Additionally, world trade in meat continues to expand despite record-high prices, with the share of U.S. production exported now at about 22% of pork, 19% of poultry, and 10% of beef. While beef production has been severely impacted by drought in High Plains pastureland and high feed prices, hog and poultry margins and exports are impressively large. These are labor-intensive industries in a relatively high labor-cost country, yet they’re selling more meat at record prices to countries with far lower per-capita income than U.S.

Last year, acquisition of U.S.’ Smithfield Foods, world’s largest pork producer, by China’s Shuanghui International exemplified that trend, and hints at the dynamic potential ahead in U.S. agriculture despite repeated self-destructive, uneconomic government efforts to limit agricultural production. In 2009 giant Brazilian meat producer JBS S.A. purchased a majority of Pilgrim Industries, the U.S.’ largest poultry-only producer, which had  bankrupted in the wake of legislation mandating massive diversion of corn from feed into auto-fuel production. Today, JBS is in a bidding war for meat processor Hillshire Brands, raising the ante by $1 billion recently.

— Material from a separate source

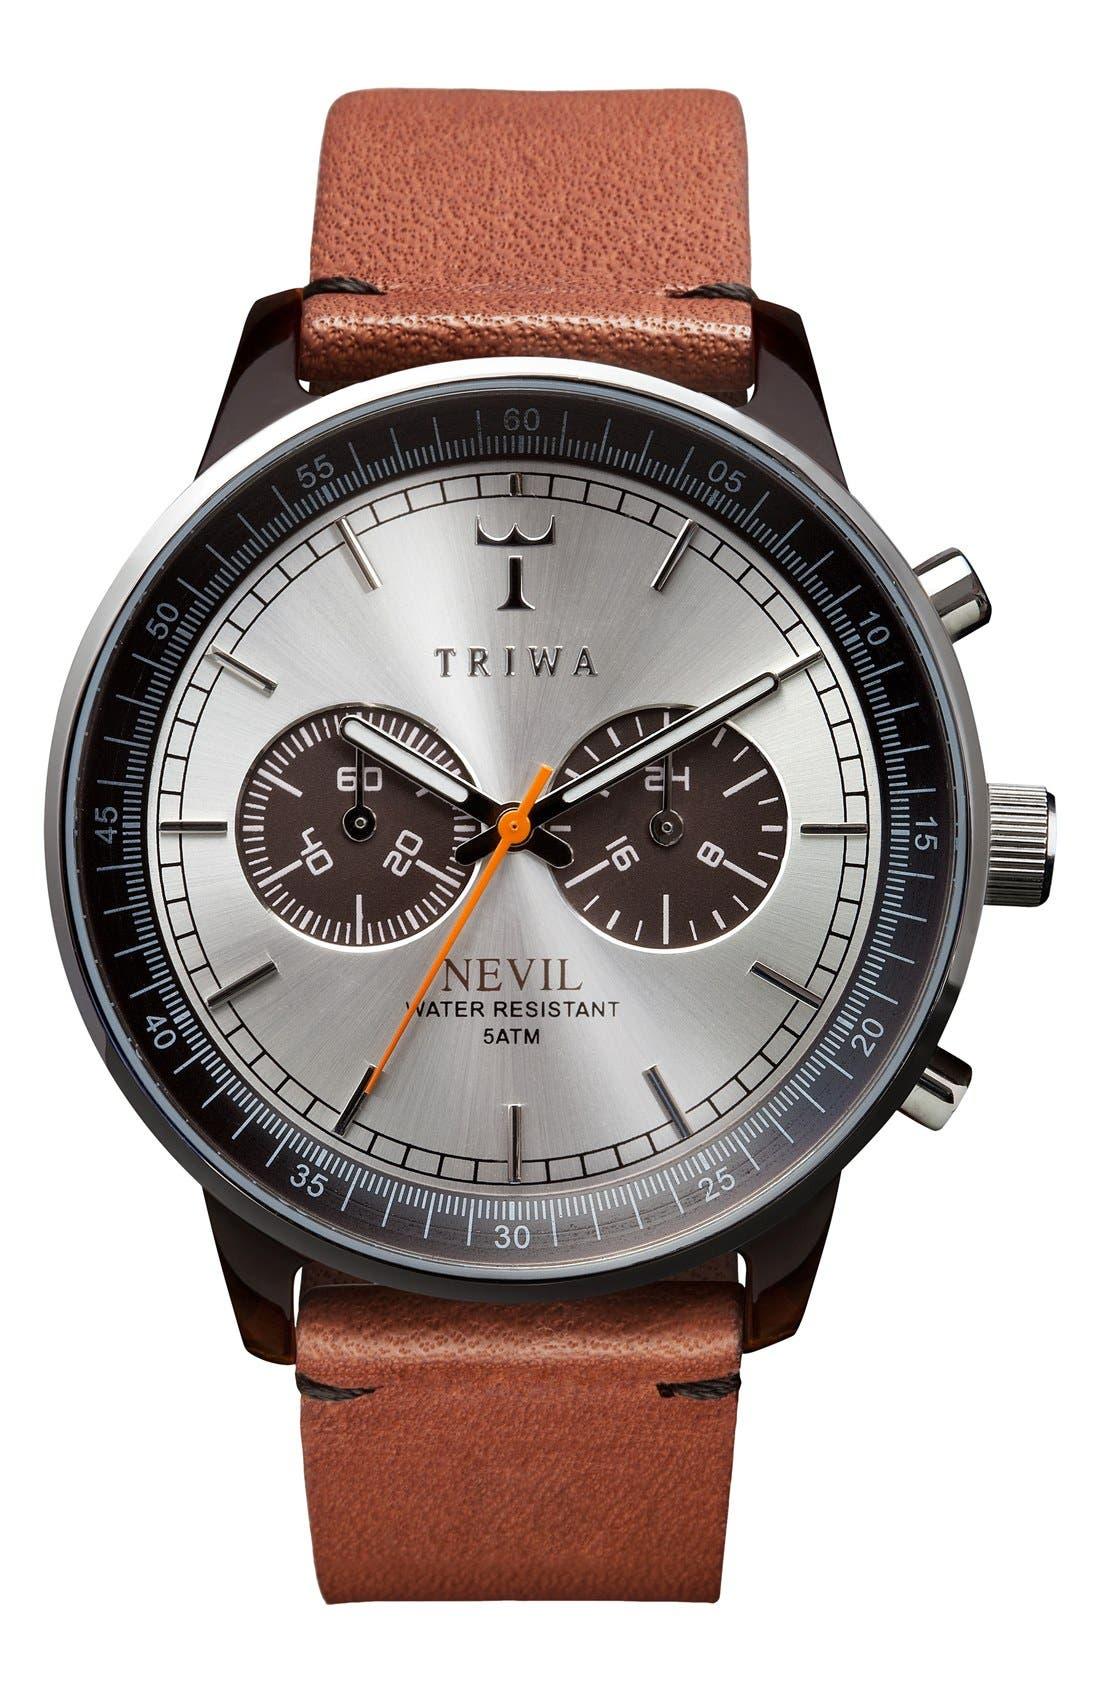 TRIWA HAVANA NEVIL CHRONOGRAPH LEATHER STRAP, 42MM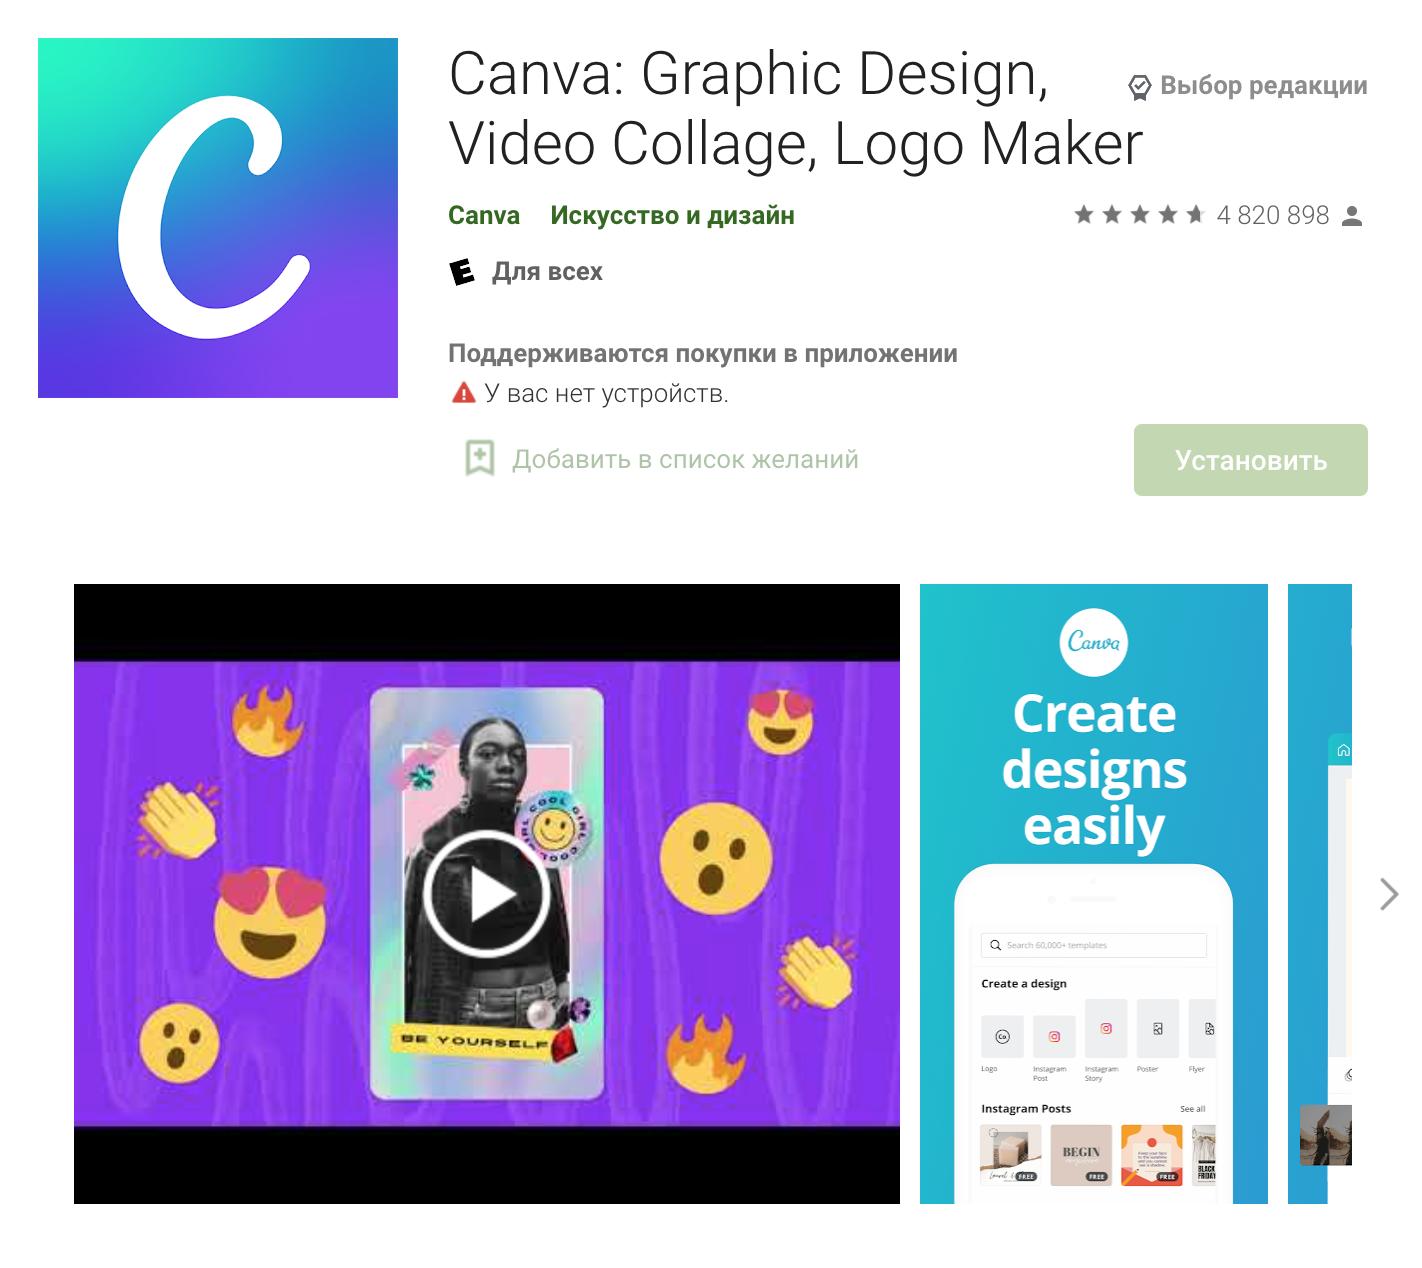 Canva-mobile app

That foreign interests have so aggressively purchased very large chunks of a major U.S. industry reveals much about where the anticipated growth in meat consumption lies, and where the most money can be made producing it. It would appear there’s more going on within surprisingly brisk world grain trade this year than just the recent problems associated with purchasing feed from non-U.S. suppliers.

An important trading position related to the above, focused on by your managers in recent months, has begun to gain cash-market corroboration. As we enter the last, summer quarter of the corn crop year, in which record-high usage is anticipated, this position should yield some profits matching the “stealth” world demand picture.